The midnight-green Eagles, of course, have won no championships. The emotional connection to them, as a result, is not nearly as deep. And while that more-subdued color might have fulfilled some post-1960s urge for understatement, the team's uniforms are beginning to look frumpy in an era when college fashions, in particular, are going kaleidoscopic.

Should NFL marketers approve the change, what exactly will this latest generation of kelly-green jerseys look like? Will they be replicas of the ones Van Buren or Chuck Bednarik wore or those that Randall Cunningham and Reggie White played in?

Whatever, since there is no uniform Eagles uniform, it won't be an easy decision.

Even during the long reign of kelly green, there were numerous incarnations. Some had white-striped sleeves. Some had large numbers front and rear. Others mixed large and small. Some incorporated the team's logo.

And will they include any of the black that Lurie also added to the team's palette?
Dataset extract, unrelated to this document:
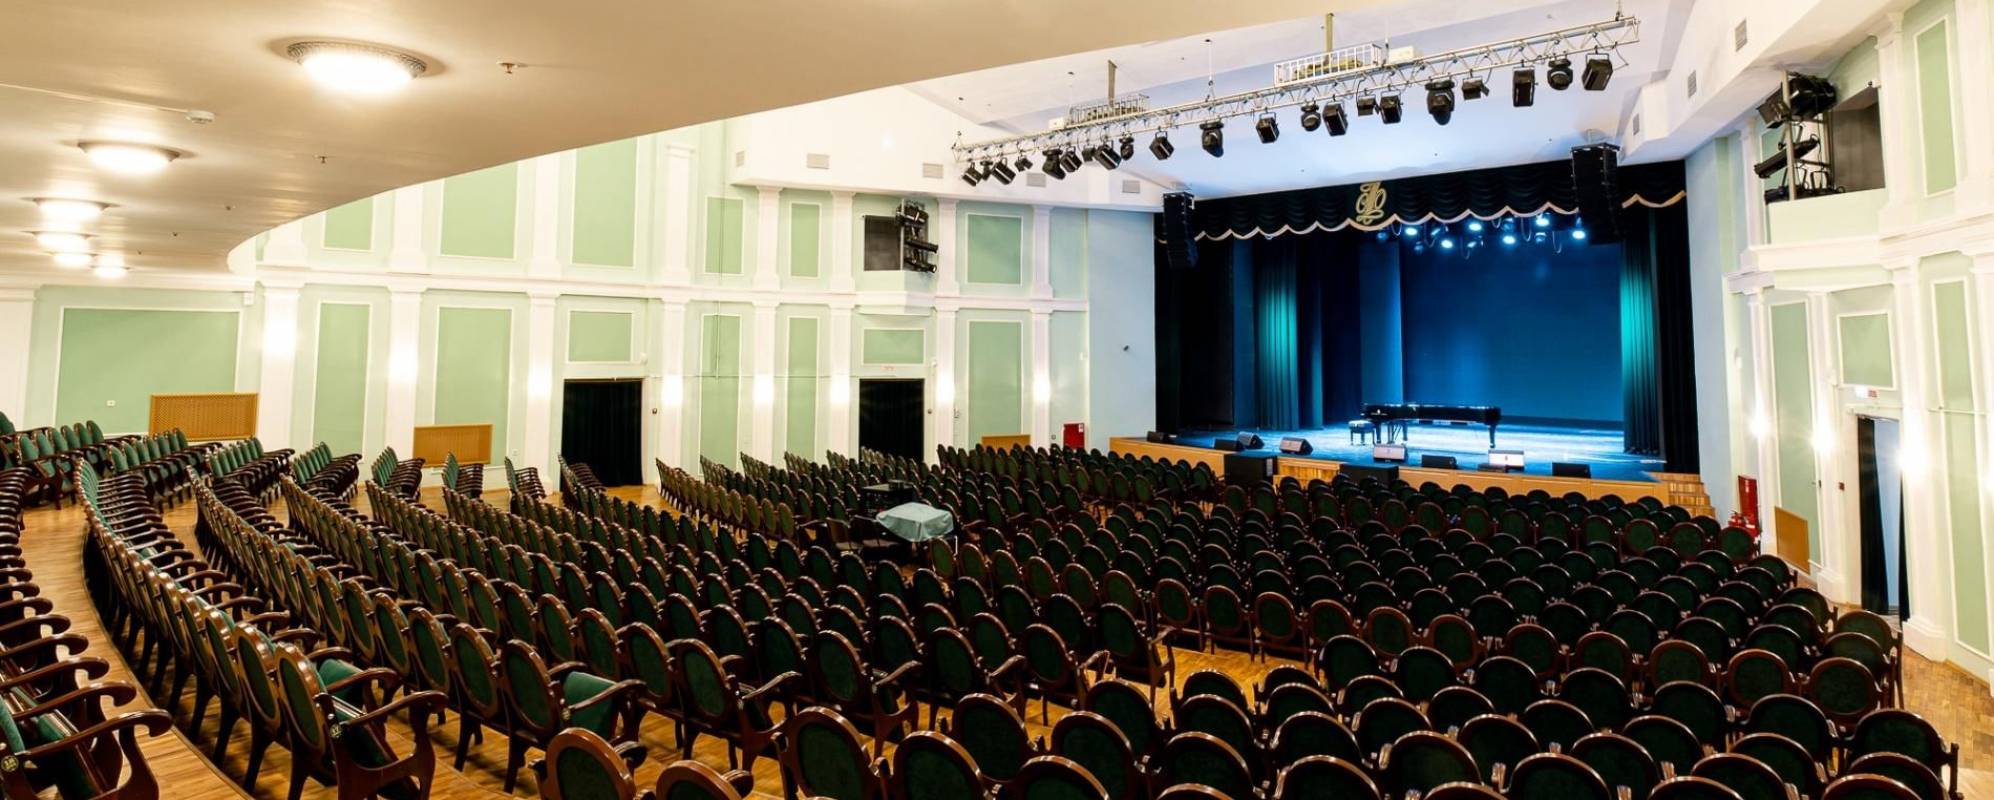 Фотографии концертного зала Большая сцена Концертного зала Свиридовский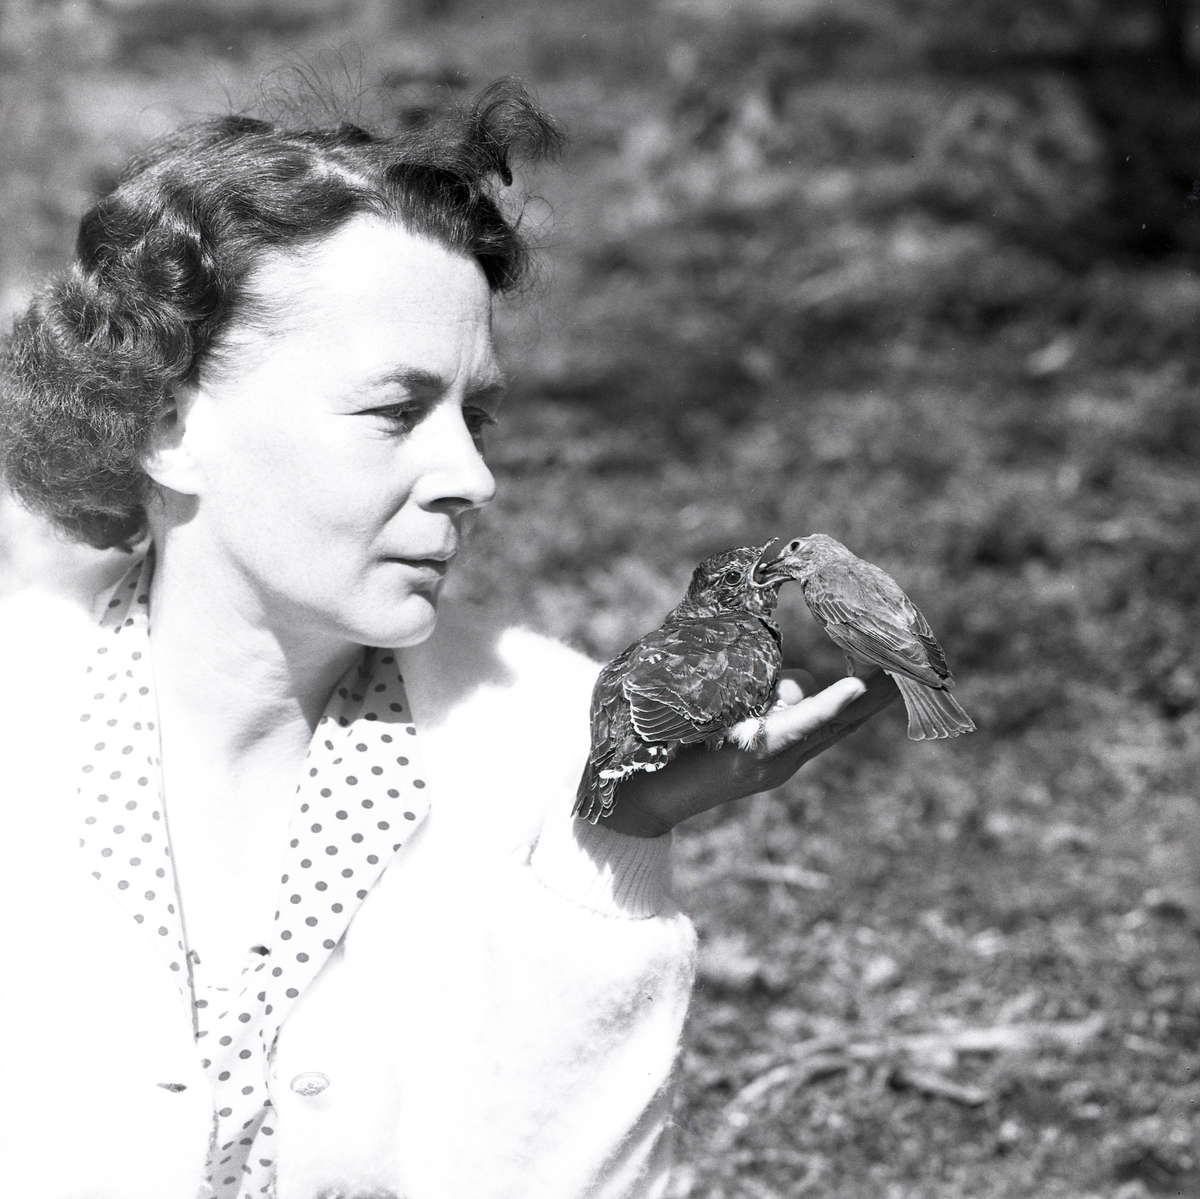 En gökunge blir matad av en fågelhona medan den sitter i handen på en kvinna, 13 juli 1961.

Or be tweaked with some new fashion twist to make them distinctively 21st century?

The Eagles' first uniforms weren't green at all, but rather baby blue and yellow, an homage to Philadelphia's city colors and the flag of Sweden, whose emigrants were this area's first European settlers.

That color scheme made a brief throwback comeback in 2007. Even though the Eagles won that day, thrashing the Detroit Lions, 56-21, fans chided the uniforms as "kitschy" and "just plain ugly," and they were never resurrected.

"Throwbacks?" then-MSNBC commentator Keith Olbermann remarked, "Try throw-ups."

We are living in a golden age of uniforms. Originally intended merely to distinguish one team from another, they've morphed into extremely creative, extremely lucrative, and extremely desirable merchandise, items no true believer can live without.

At any Eagles game, so many spectators are in jerseys that Lincoln Financial Field resembles a summer hillside, its grandstands speckled with various shades of green.

Capolino and his Philadelphia-based company are as responsible as anyone for the boom, especially when it comes to vintage jerseys. Mitchell & Ness began making the Eagles uniforms in the 1930s and virtually created the jersey-nostalgia boom six decades later.

There was a time when uniforms were just uniforms, and, though a limited number had been available in sporting-goods stores since the 1970s, few fans were interested in wearing them.

But in 1991, the NFL, sniffing revenue potential, started encouraging experimentation and kicked its merchandising machine into high gear. Logos were put on the sleeves, NFL shields were added to the collars, and teams began developing alternative versions.

Then in the late 1990s came the throwbacks, a craze accelerated by all the rap and hip-hop artists who had a penchant for wearing them in videos and at awards shows.

It all succeeded so well that for the first time last season, the sale of official NFL merchandise - with jerseys making up the overwhelming share - topped $1 billion.

So deeply has this uniform trend taken root in sports, and so creative and constant are its iterations, that some now see it all as art.

On Sept. 10, for example, at the Fleisher Memorial Art Sanctuary on Catherine Street in South Philadelphia, Capolino will display and discuss 40 different uniforms that the Eagles wore between 1933 and 1963.

"In baseball, there's probably more variety of graphics and design," he said. "In football, it's mostly numbers, stripes, and colors. But you look at things like the fabrication and the lettering and you realize it really is a kind of art."

It might be.

But when it comes to the uniform craze, the artistic designers still have to take a backseat to the most creative geniuses in sports history - the NFL's merchandisers.